Wednesday, July 30, 2025

Had fallen asleep ourselves,

  "Then what happened?" 

  "It was a funny thing 'cuz I woke up less nervous," I answered.  But my friend gently tossed a twisted blade of grass cross and said, "I'll tell you." Said that like she was poking a hearth fire.  The talking circle, home for the night, was quieted down.

  "Dog was missin'.  So I started to go look for 'im.  Wasn't maybe five yards away from where we fell asleep.  And there were people." 

  "What were they doing?" 

  "Not screwin' each other, put your salivating tongue away," she lashed.  "Anyway, they was just standing there like statues." 

  "They were.  She came and got me." 

  Like the creek running low in a stillshot photograph of mountains and mist, the "cammo" clothing and vests and gear and stuff kinda blended in with the scenery.  

  "But the scenery had a feeling.

  "Cha.  It did." 

  "What did it feel like?" The short, muscled guy had a ring of orange all around his lips proving natural foods can dye.  

  "At first," my friend closed her eyes, "I wasn't sure.  But theeeen, I let it build up.  Like if I could feel something, what would it be?" 

  "Well, that doesn't answer the question." A thin red-headed twenty-something woman glanced up from an embroidery hoop.  She was sew-drawing some pine trees behind a skillet in thread on a towel.  They might hang the towel in their home.  After'n done mad at me, she'd explained about being past puppy love and sticking with a businessman through and through. 

  "Well, not right off it doesn't." 

  "But there's usually a point to most of her stories," I pointed my pen like it was a teacher's piece of chalk at anybody gonna interrupt.

  She closed her eyes again.  "Well, my feeling sensor was flummuxed.  I'd been so stressed.  Plus, I realized here we were just stumbling into something." She opened her eyes.  The preacher snorted in his snoring but didn't wake up.  "You think it was something?" Carrot Lips asked in a normal speaking volume.  The conversation continued.

  "Sound'n like New Mexico," a naturally auburn-haired woman in shirt sleeves and a tank top brought her leather longcoat to a rest on an abanoned blanket near us.  Nobody'd seen her walk up so some of us gave a little jump but nobody freaked. 

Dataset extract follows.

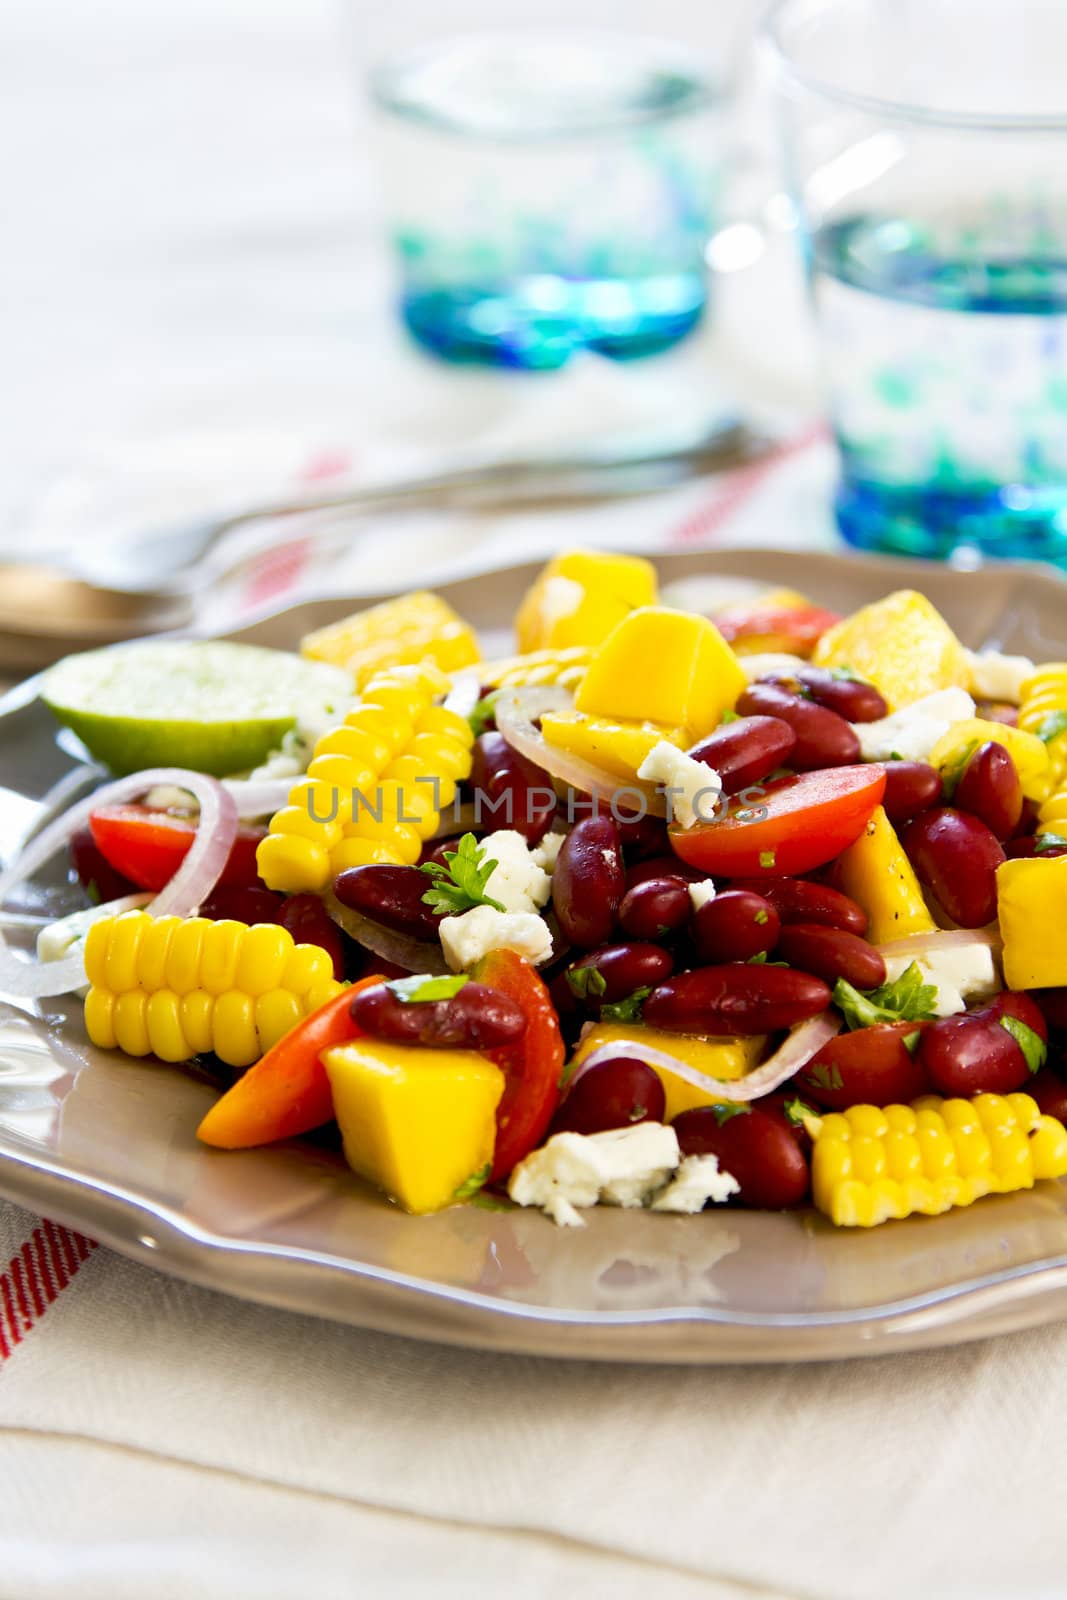 Beans with  Mango and Feta cheese salad by vanillaechoes
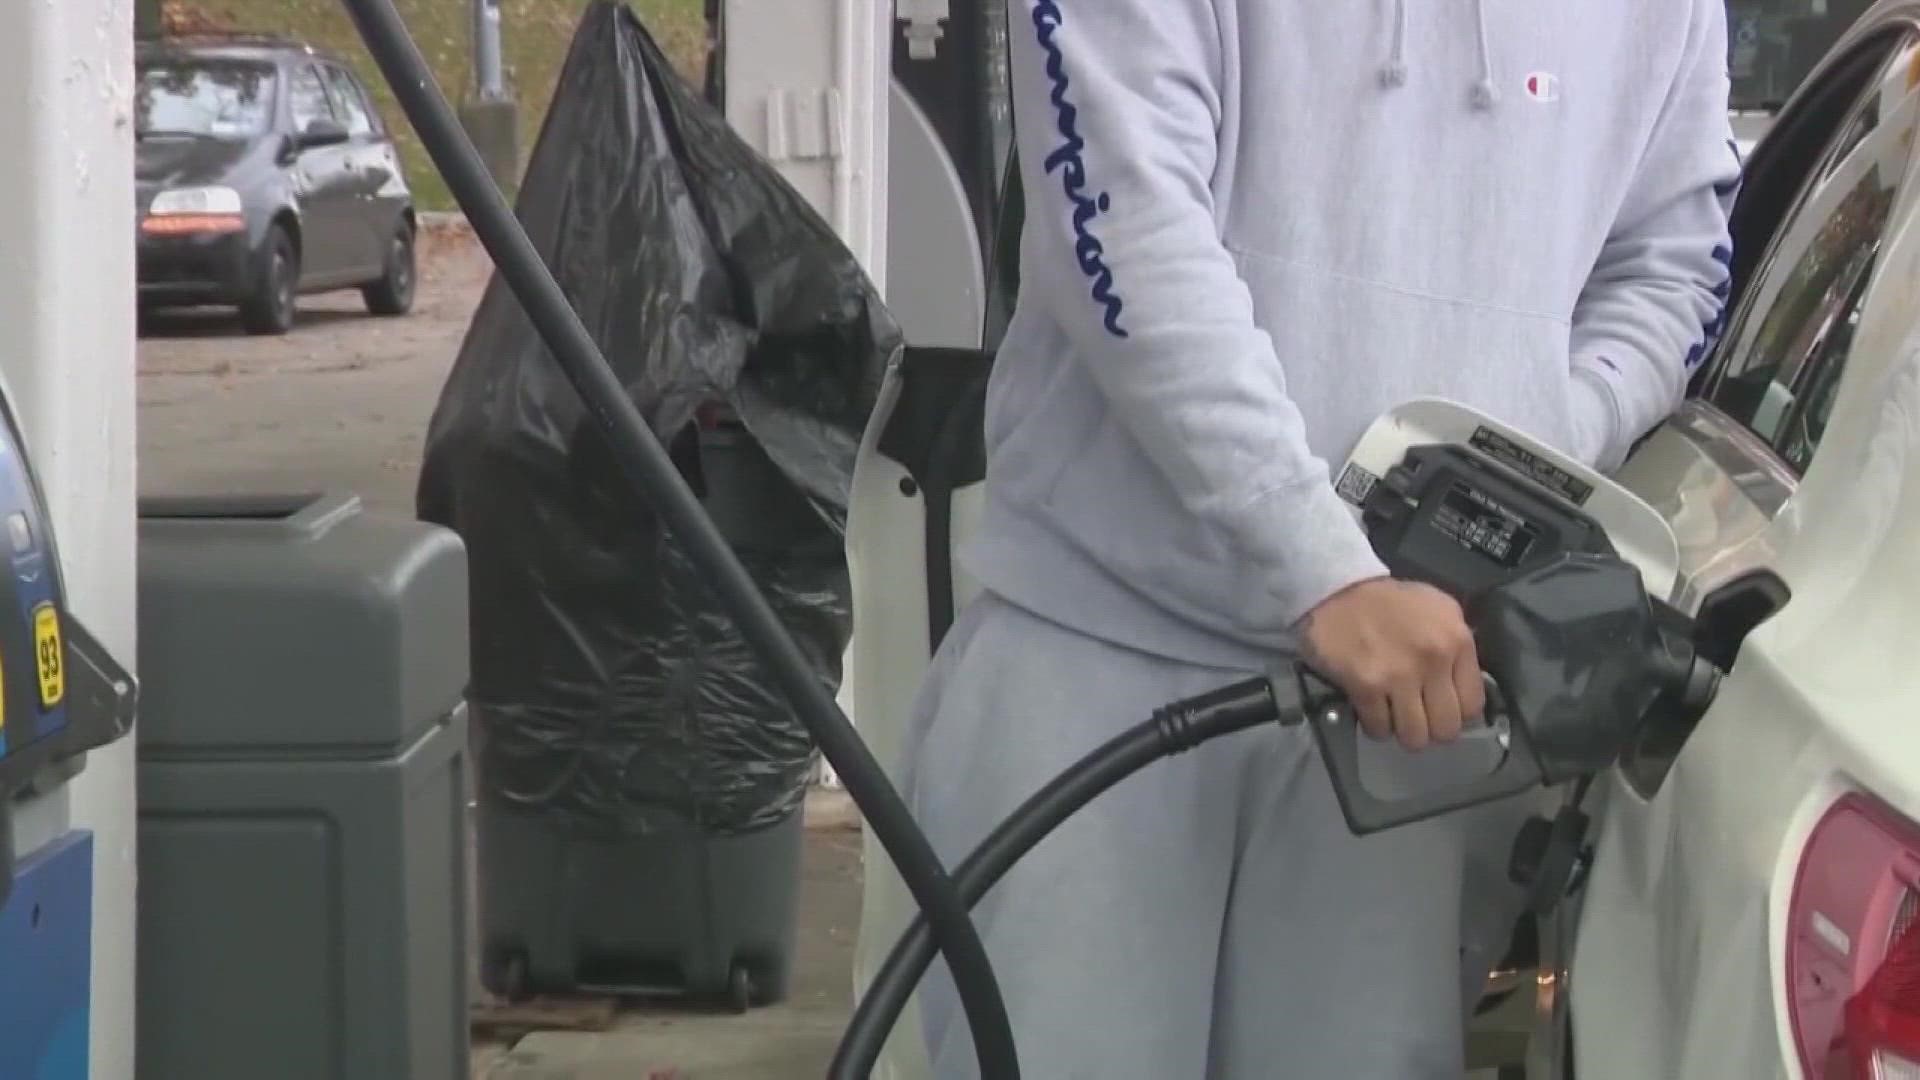 The average cost of a gallon of gas in Tennessee was around $4.34 on Friday, according to AAA.

  "How so?" Someone asked. 

  Another skinny woman with short black hair and a fiddle case crept in closer and handed up a tobacco rollie.  The woman took it and took a dollar bill, folded neatly, out from under a shirt sleeve.  "Out there, sometimes it's so still, you can," she looked around at our faces in the headlamp campfire.  We were drooling to hear.  She thought of something quick as she licked the rolling paper and rolled the smoke smokeable.  "You can hear you're own perspiration dripping." 

  "What else?" 

  "Not even the hogs are clinking still cooling down." She fished in one sleeve, then moved stuff in the other around like it was a glove compartment in there.  Found a black lighter and torched the rollie.  "You wanna sit down?" 

  "Honey, if I sit down anymore today my asshole will be in my ears." She took savoring drag after savoring drag on that rollie.  For it was done the short-haired woman handed up another, already rolled, said barely above a lullaby volume, "Give'n ya two for the buck.  And here's your flask back." Before she took that she asked, "Anything in it?" Eyes flashed mean like the red-eyed cobra snake at the Fair but she forced a smile through muscles stiffening toward seizure.  "Of course," a man in clothing totally black stepped towards our blanket but not into any light.  That did make a couple people get up.  Some were better at act casual than others and it looked like people not quite understanding "yoga" in a class.  Carrot Lips had stood from Indian-style seated, hooked his backpack on an arm that slid it to his shoulder, and spread his arms into a yawning stretch, so others started stretching arms and mouths and saying stuff like, "Getting later than late," and, "Better get some sleep.". One youngish quiet guy in glasses and a tee-shirt with a generic doodle on it even said, "Yup, tomorrow's gonna be a good day.". Nobody mentioned it already was, just cleared out.